As stated in the prior question, the EntityKey is set to True, StoreGeneratedPattern = Identity. The actual table that is being inserted into is a relationship table, in that it is comprised of an identity field and two foreign key fields. The error always occurs on the second insert, regardless of whether that specific entity has been inserted before or not, and I can confirm that the values are always different, no key conflicts as far as the database is concerned. My suspicion is that it has something to do with the temporary entitykey that gets set prior to the actual insert, but I don't know how to confirm that, nor do I know how to resolve it.
My gut feeling is that the solution in the prior question, to set the SaveOptions to None, would not be the best solution. (See prior discussion here)
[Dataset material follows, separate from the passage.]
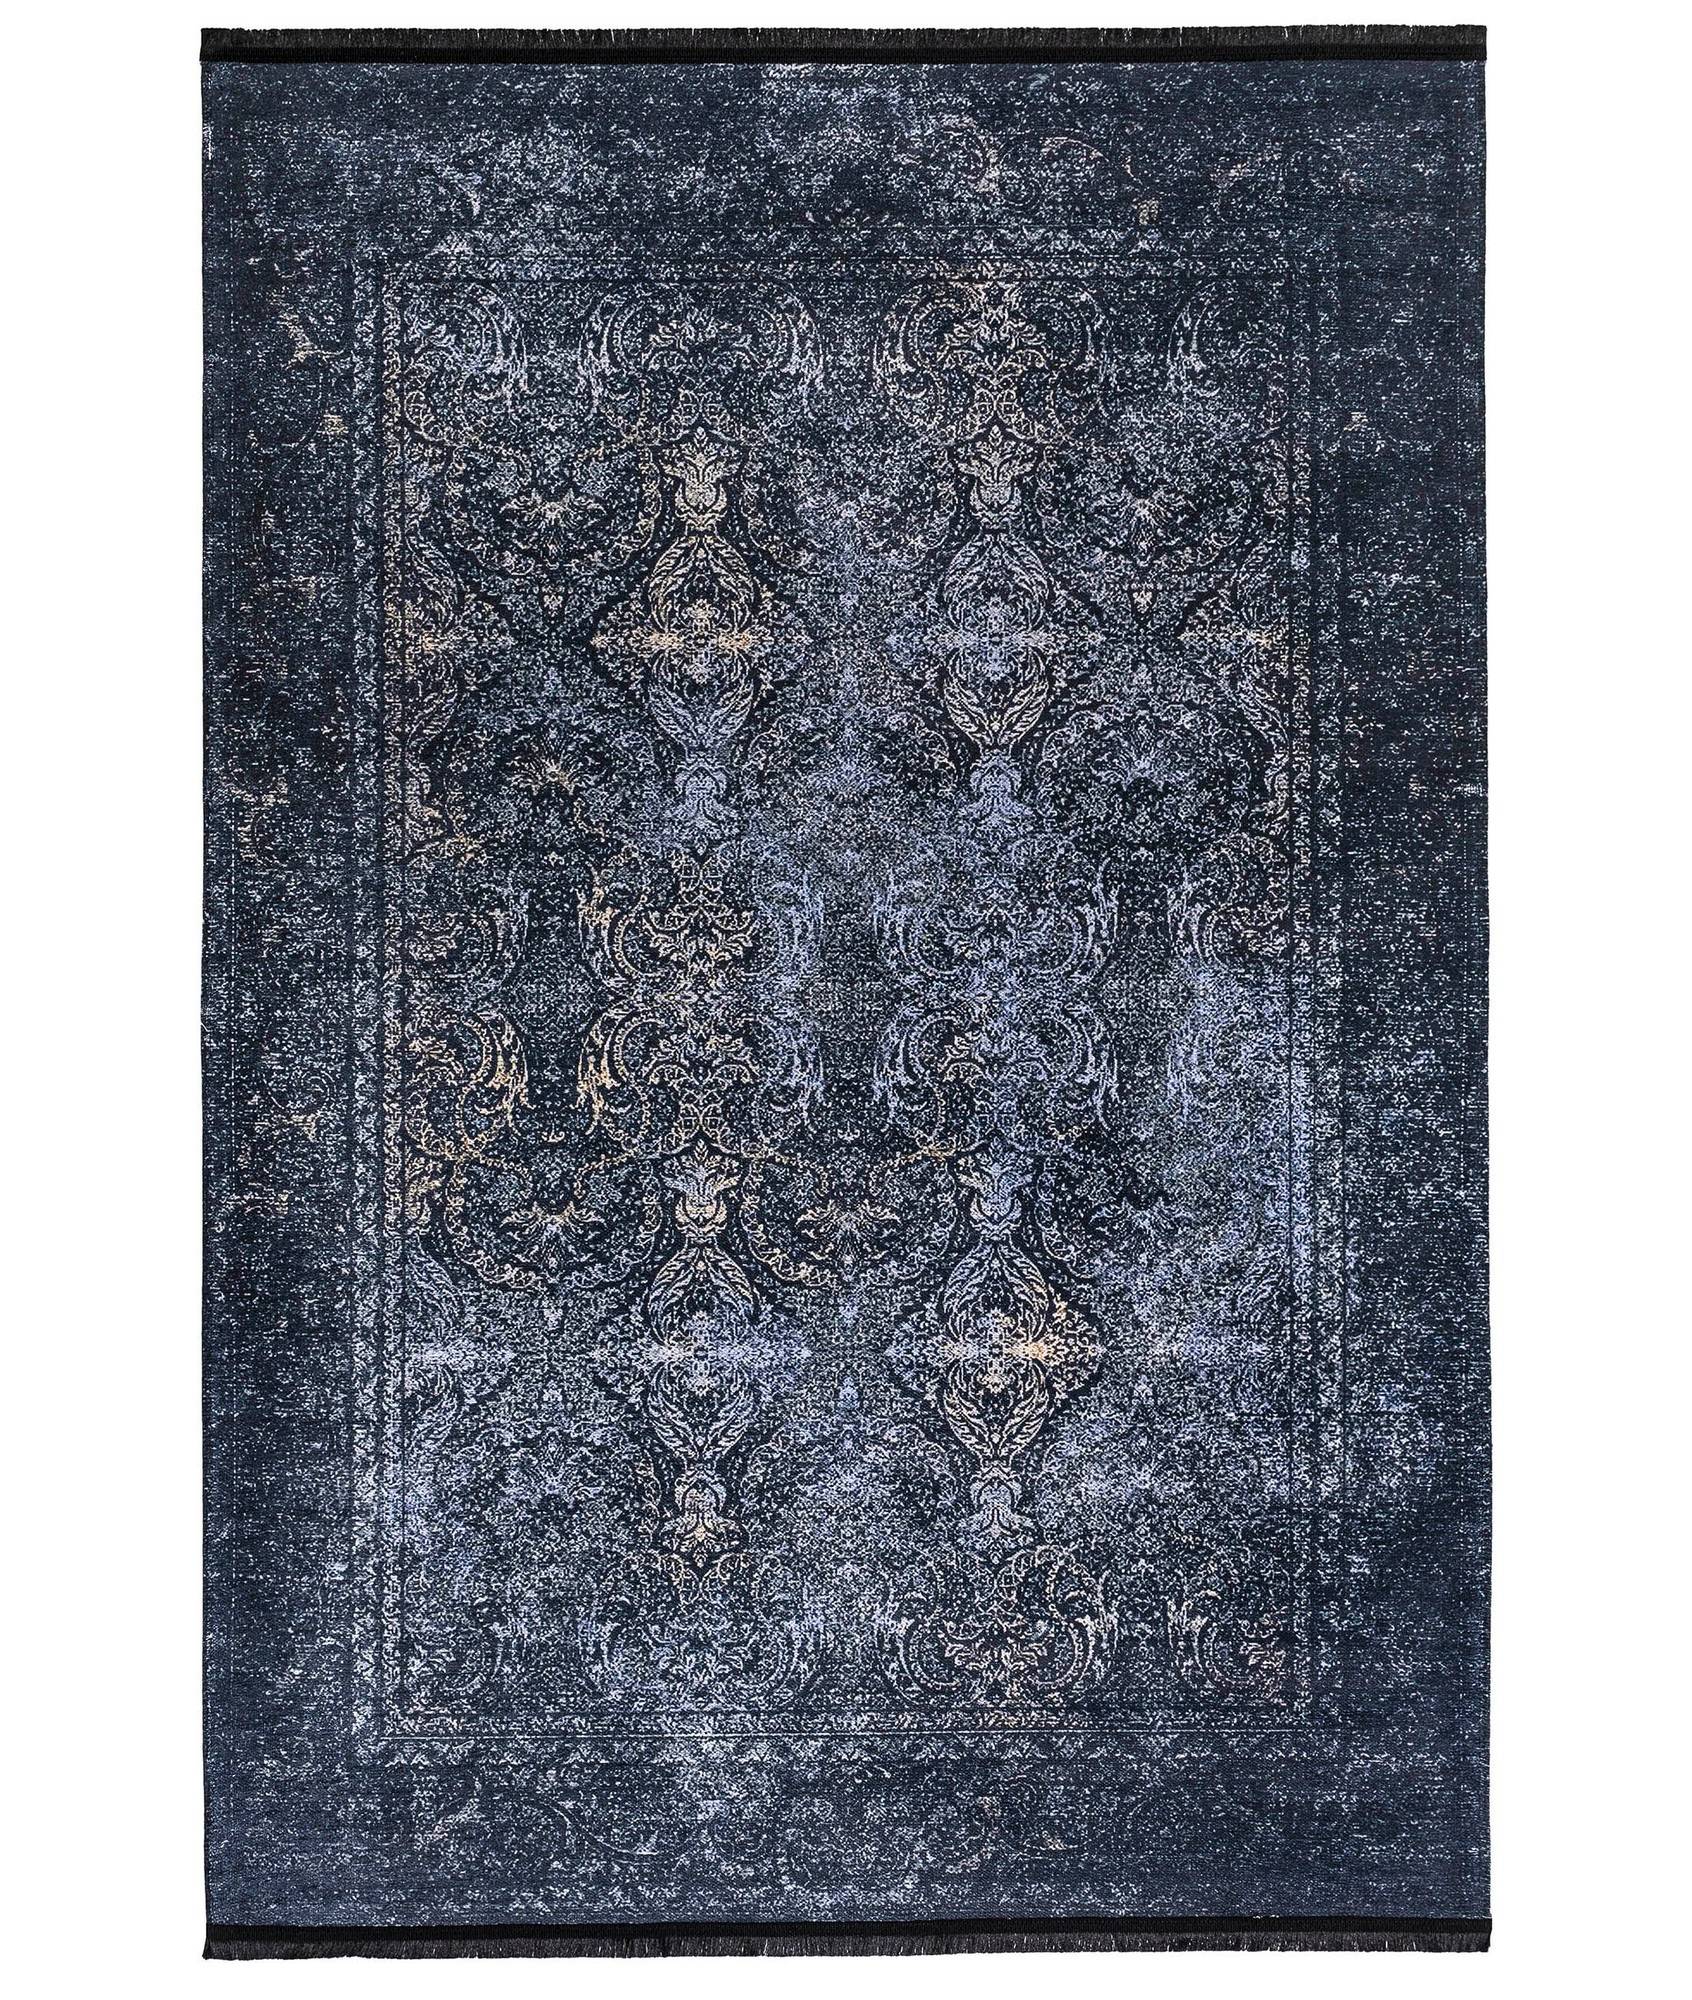 Hadorn Teppich 80x200cm Viktorianisches Muster Blau und Schwarz

I've had this issue with my repository using a loop as well and thought that it might be caused by some weird race-like condition. What I've done is refactor out a UnitOfWork class, so that the repository.add() method is strictly adding to the database, but not storing the context. Thus, the repository is only responsible for the collection itself, and every operation on that collection happens in the scope of the unit of work.
The issue there is that: In a loop, you run out of memory damn fast with EF4. So you do need to store the changes periodically, I just don't store after every save.
public class BaseRepository : IRepository where TEntity : class
{
private TxRPEntities txDB;
private ObjectSet _objectSet;
public void Add(TEntity entity)
{
SetUpdateParams(entity);
_objectSet.AddObject(entity);
}
public void Save()
{
txDB.SaveChanges();
}
Then you can do something like
foreach(Requirement r in requirements)
{
var car = new CustomerAgreementRequirement();
car.CustomerAgreementId = viewModel.Agreement.CustomerAgreementId;
car.RequirementId = r.RequirementId;
_carRepo.Add(car); //Save new record
if (some number limiting condition if you have thousands)
_carRepo.Save(); // To save periodically and clear memory
}
_carRepo.Save();
Note: I don't really like this solution, but I hunted around to try to find why things break in a loop when they work elsewhere, and that's the best I came up with.
We have had some odd collision issues if the entity is not added to the context directly after being created (before doing any assignments). The only time I've noticed the issue is when adding objects in a loop.
Try adding the newed up entity to the context, do the assignments, then save the context. Also, you don't need to save the context each time you add a new entity unless you absolutely need the primary key.